Accountability in the public-private partnerships

Police forces should also be aware of how a company could be perceived when entering into partnerships, as any moral or ethical issues that arise could potentially undermine public trust – particularly in already marginalised communities.

For example, while they are only mentioned briefly in the report, predictive policing company Palantir provide and run software for the NSA and ICE on behalf of the US government.

Many police forces in the UK already have contracts with companies that also sell technology to countries with questionable human rights records.
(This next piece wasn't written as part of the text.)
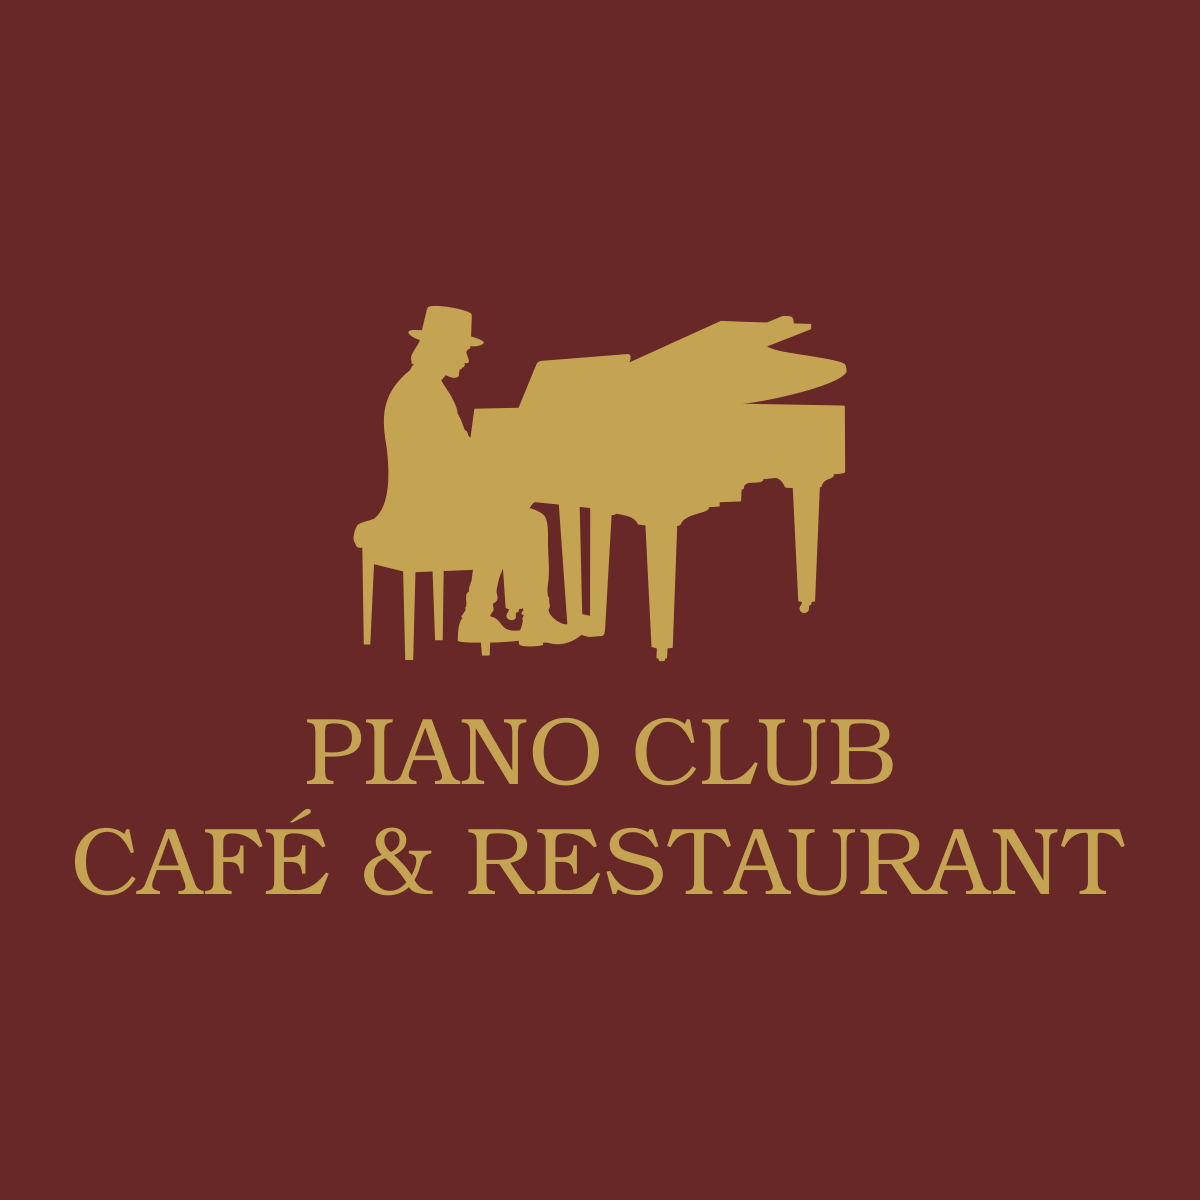 PIANO CLUB CAFÉ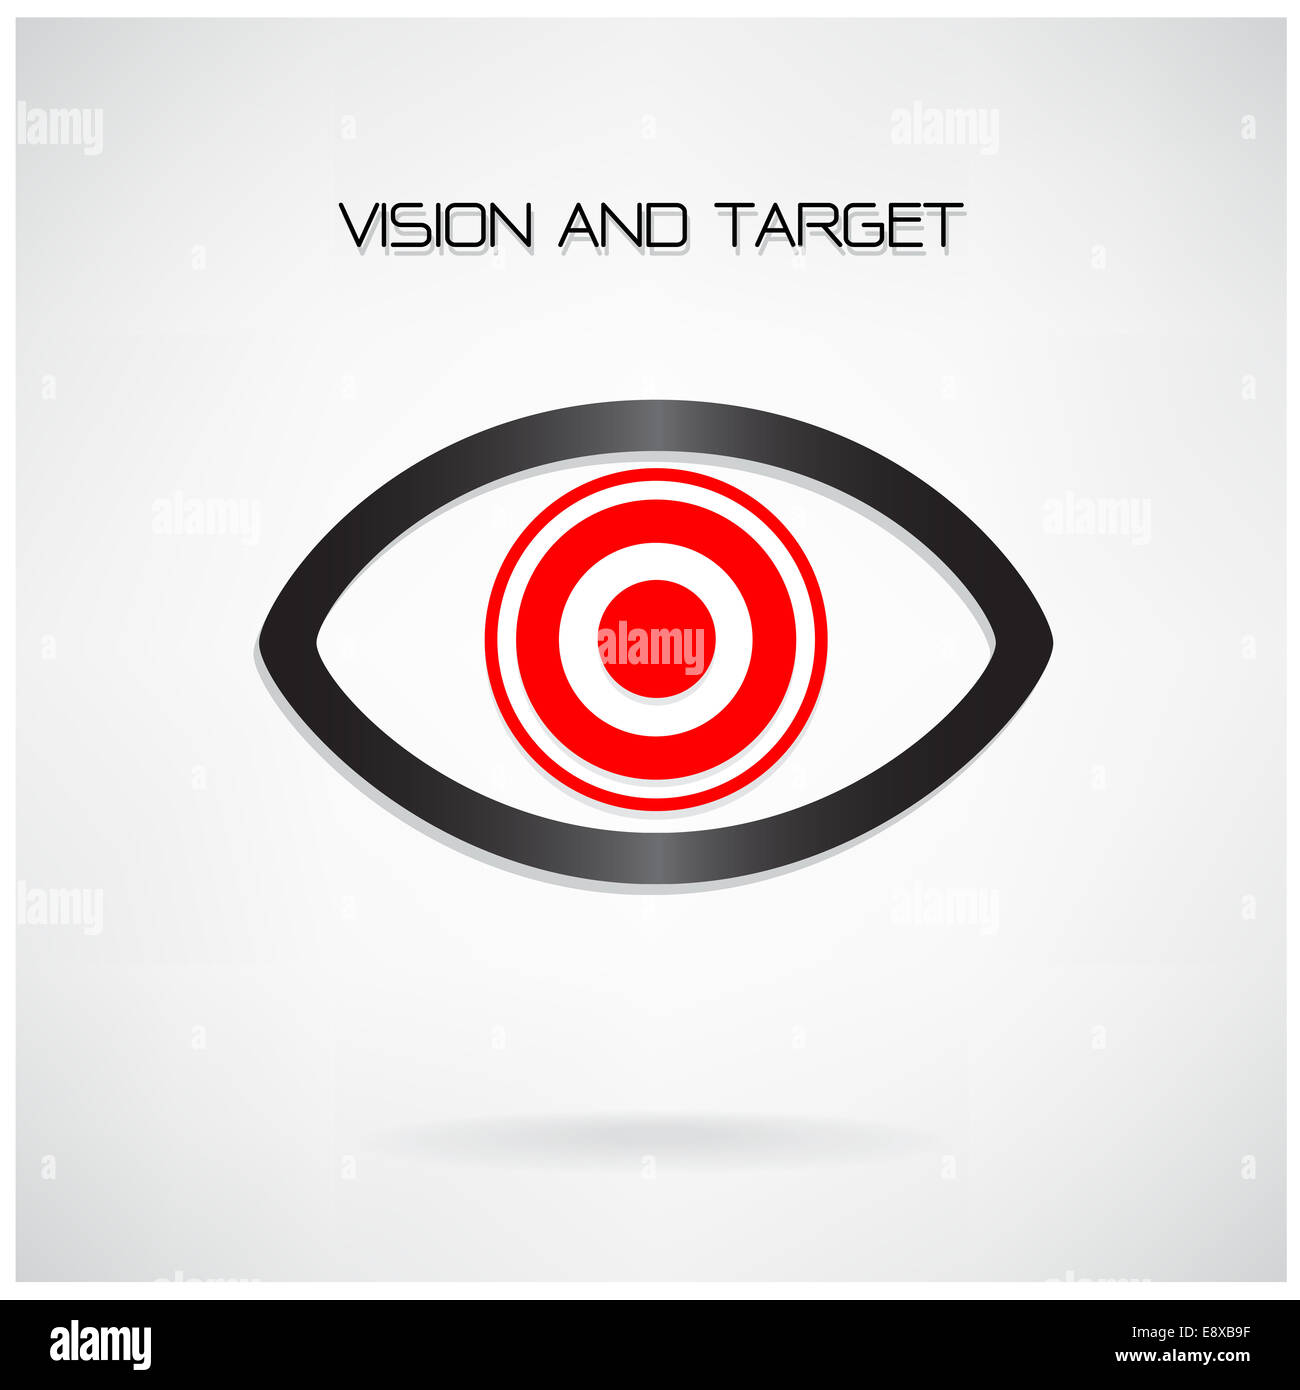 Visione e obiettivo concetto ,simbolo dell'occhio,business idea ,abstract background. Foto Stock

Cellebrite, for example, provide police forces (including West Mercia Police, Avon and Somerset Constabulary, and City of London Police) with a range of tools to help them extract data from mobile phones and other personal devices, which they have also sold to Turkey, the United Arab Emirates and Russia, according to 900GB of data acquired by a hacker last year.

“As long as police forces are open and honest about how they have used a private company to build a tool for them, and we know in a transparent way how that private company is building pools of data into the databases or sets of big data that the tools use, then you can start to get that cycle of accountability going,” said Grace.

Tech startups

Headlight AI: Uses signal processing technology to intelligently sense and map harsh environments for autonomous drones and service robots. The use of its technology is not limited to law enforcement, as its 3D mapping technology can also be used to inspect public infrastructure, mines and other difficult-to-reach or hazardous environments.

Clue: Currently in use with 18 police forces, Clue has developed a single, browser-based API for investigation management that allows officers to quickly record and collate information from a number of different sources. This in turn makes it much easier for investigation teams to gather, access and share the information. In 2018, Clue secured funding from Innovate UK.

FUTR: Seeking to transform how citizens engage with the police, FUTR is creating chatbots with natural language processing software that is able to understand the tone, emotion and sentiment of user messages. It is hoped the chatbot will significantly reduce the high volume of low-risk calls made to 101.

Kaseware: Founded in 2016 by a small FBI team unhappy with the Sentinel case management system that had been built for them by a major defence contractor. It provides a single, fully index-able platform that includes evidence and investigation management, as well as a powerful data analytics tool that can generates connections between disparate datasets.

BlueLine Grid: Founded by former NYPD commissioner Bill Bratton, BlueLine Grid equips first responders with a secured platform for instant messaging and group conversations that enables officers to collaborate and share information – all of which is done through a mobile app. The product was first trialled in a specialist SWAT division of the LAPD and is now used throughout the US.